The major method utilized in this project is visualization. And the visualization consists of two main parts. Firstly, we create static and dynamic plots to show the changing behaviors of crime incidents from 2010 to 2020. Secondly, we create an interactive map that depicts the spatial distribution of the crime incidents in Buffalo, NY. Finally, using data in the year of 2019 as an example, we reveal the probable relationship between crime incidents and sociodemographic attributes by calculating the correlation coefficients.
# needed packages
library(knitr)
library(chron)
library(lubridate)
library(tidycensus)
library(tidyverse)
library(viridis)
library(ggrepel)
library(gganimate)
library(magick)
library(sf)
library(spatialEco)
library(leaflet)
library(ggcorrplot)
We read the file of Census Block Group into the environment.

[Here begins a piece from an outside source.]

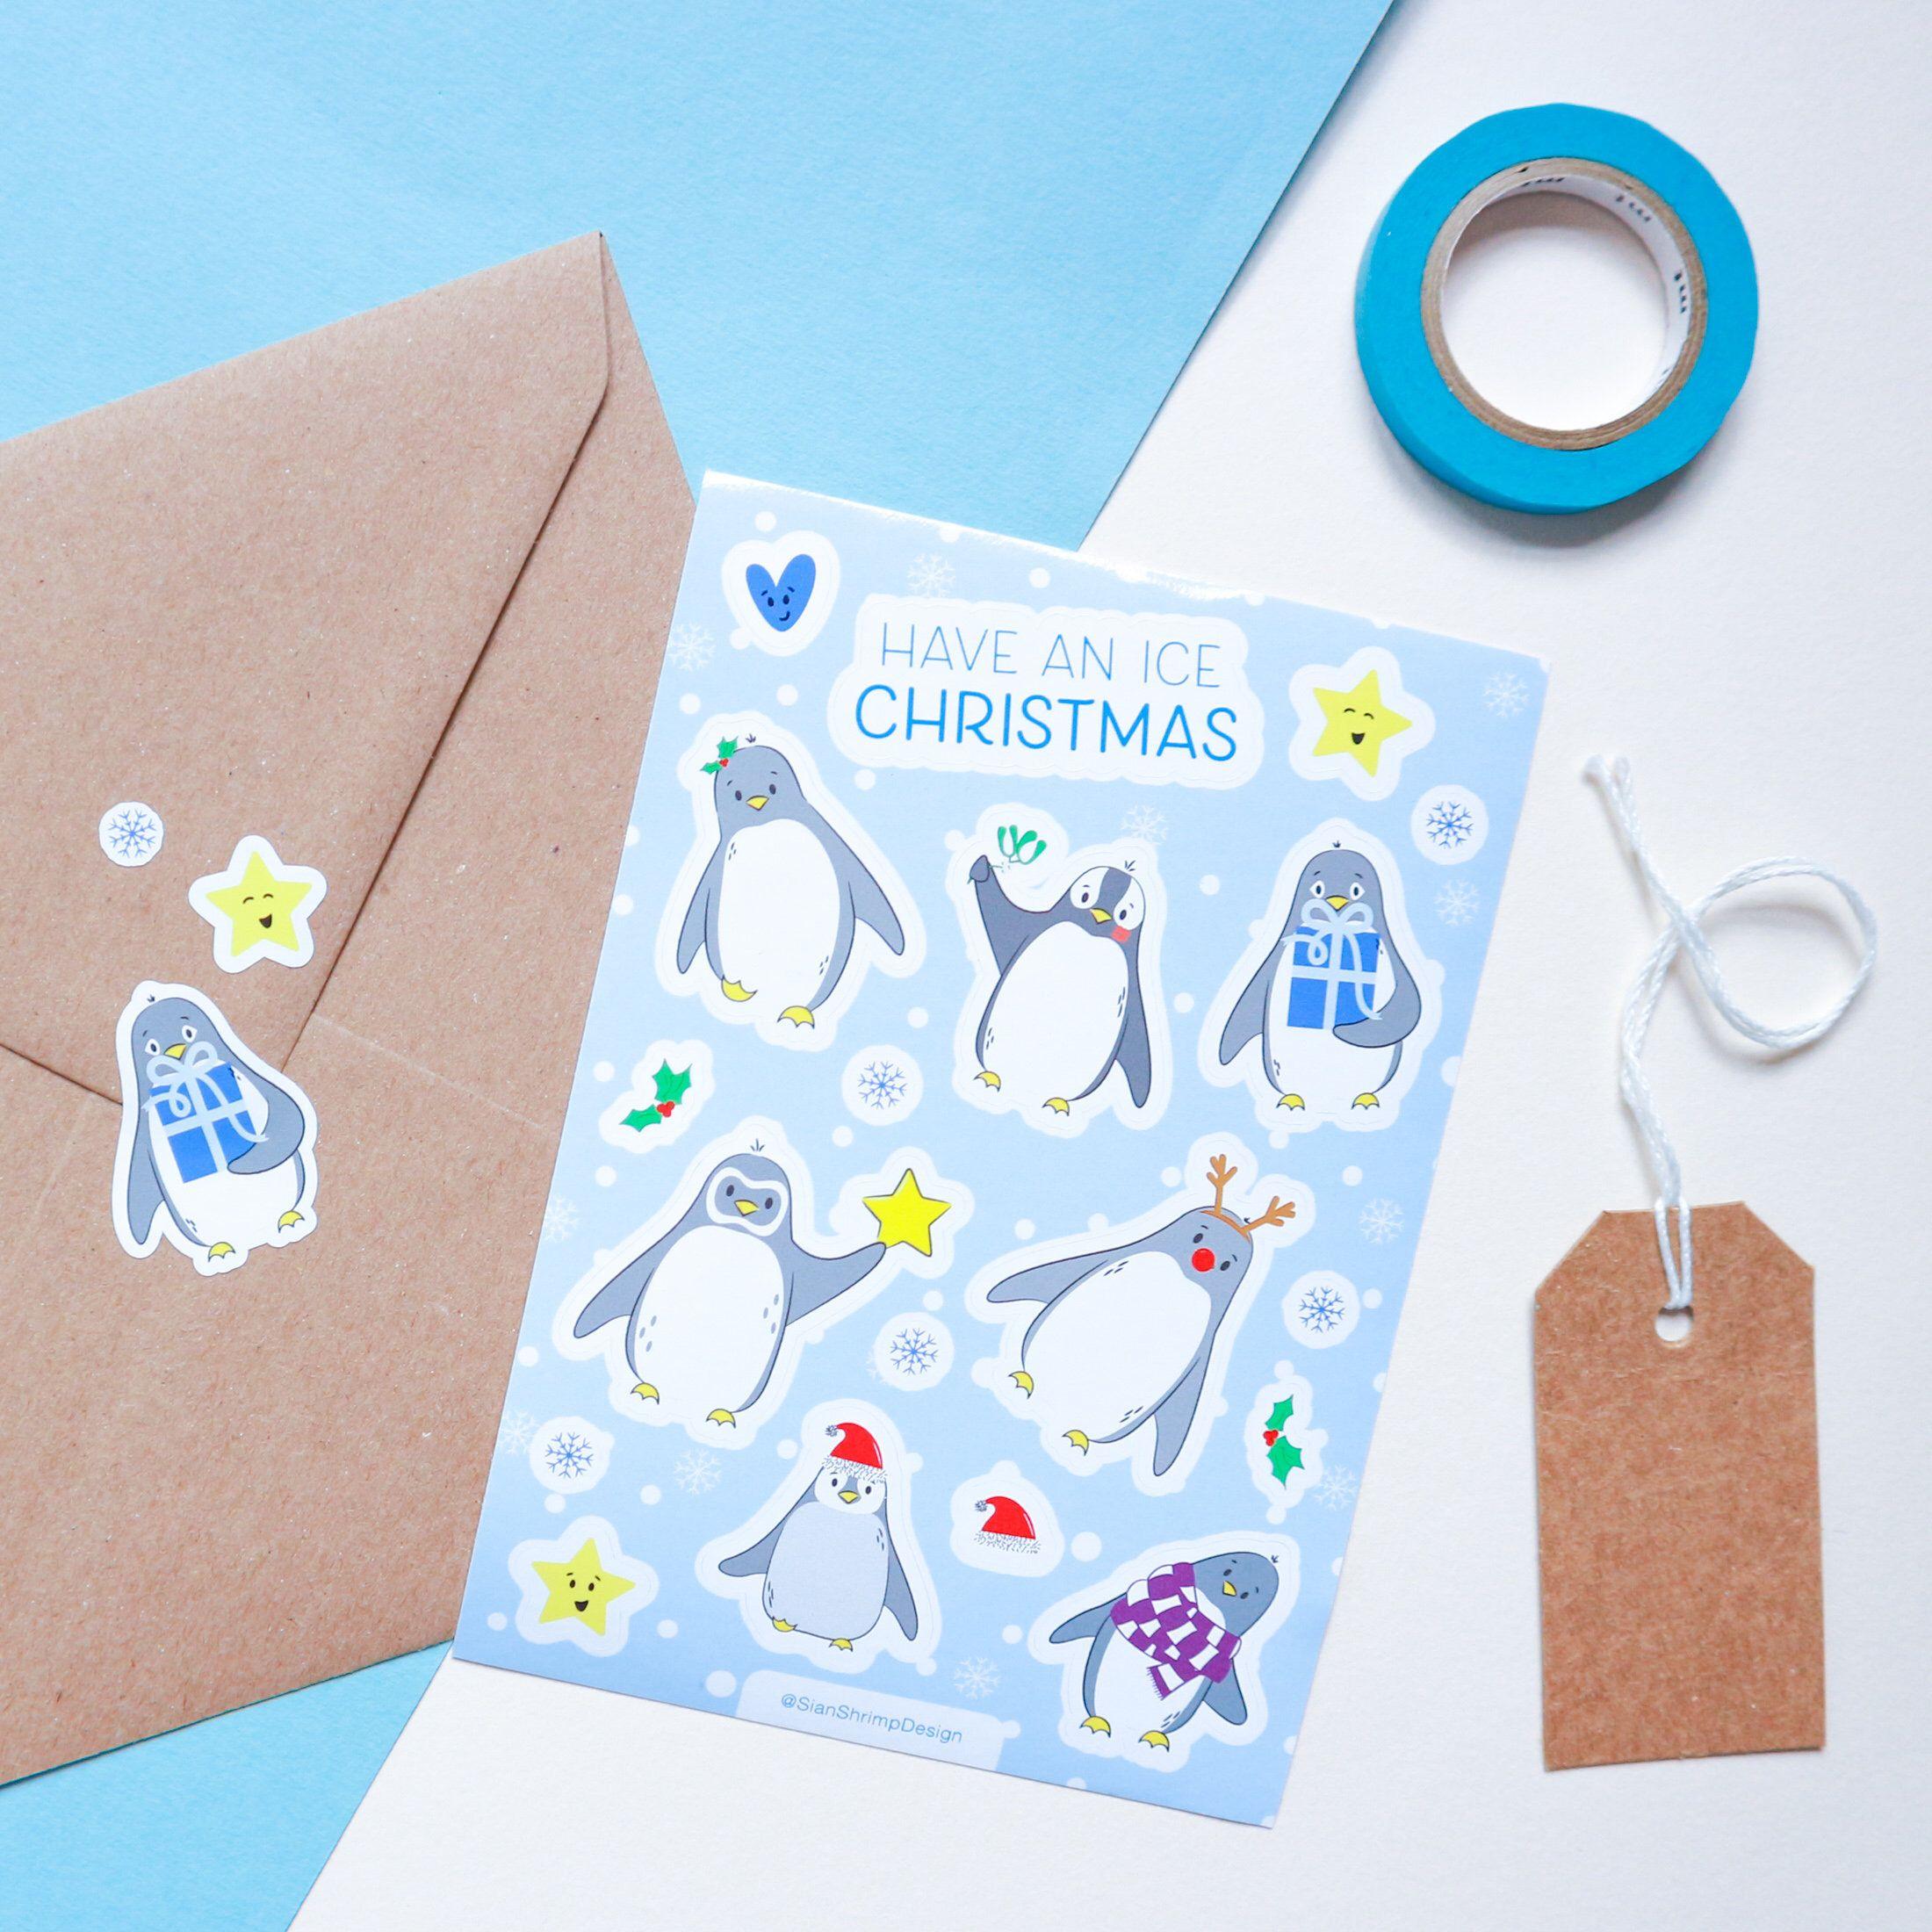 Christmas Penguin Sticker Sheet Vinyl Sticker Sheet For Bullet Journal Diary Or Scrapbook Vinyl Sticker Sheets Scrapbook Stickers

Buffalo_CBG = st_read("data/buffalo_cbg.shp")
Buffalo_CBG <- dplyr::select(Buffalo_CBG, geoid10)
Firstly, we download the crime incidents data from Buffalo Open Data Portal.
crime_original = read_csv(
"https://data.buffalony.gov/api/views/d6g9-xbgu/rows.csv?accessType=DOWNLOAD")
secondly, we clean and preprocess the original crime incidents data.
crime_pre <- crime_original %>%
# For the column of parent_incident_type, change all letters into lower cases (e.g., Assault and ASSAULT are actually the same type of crime.)
mutate(parent_incident_type = tolower(parent_incident_type)) %>%
# the column of incident_datetime has 5 NA, so we fill them with the values in the column of create_at respectively.
mutate(incident_datetime = ifelse(is.na(incident_datetime),
created_at, incident_datetime)) %>%
# change the column of incident_datetime into a standard date-time format.
mutate(incident_datetime = parse_date_time(incident_datetime, '%m/%d/%Y %I:%M:%S %p')) %>%
# extract year and hour from the column of incident_datetime
mutate(incident_year = format(incident_datetime, "%Y")) %>%
mutate(incident_hour = format(incident_datetime, "%H")) %>%
# filter by date and time (crimes recorded between 2010 and 2020)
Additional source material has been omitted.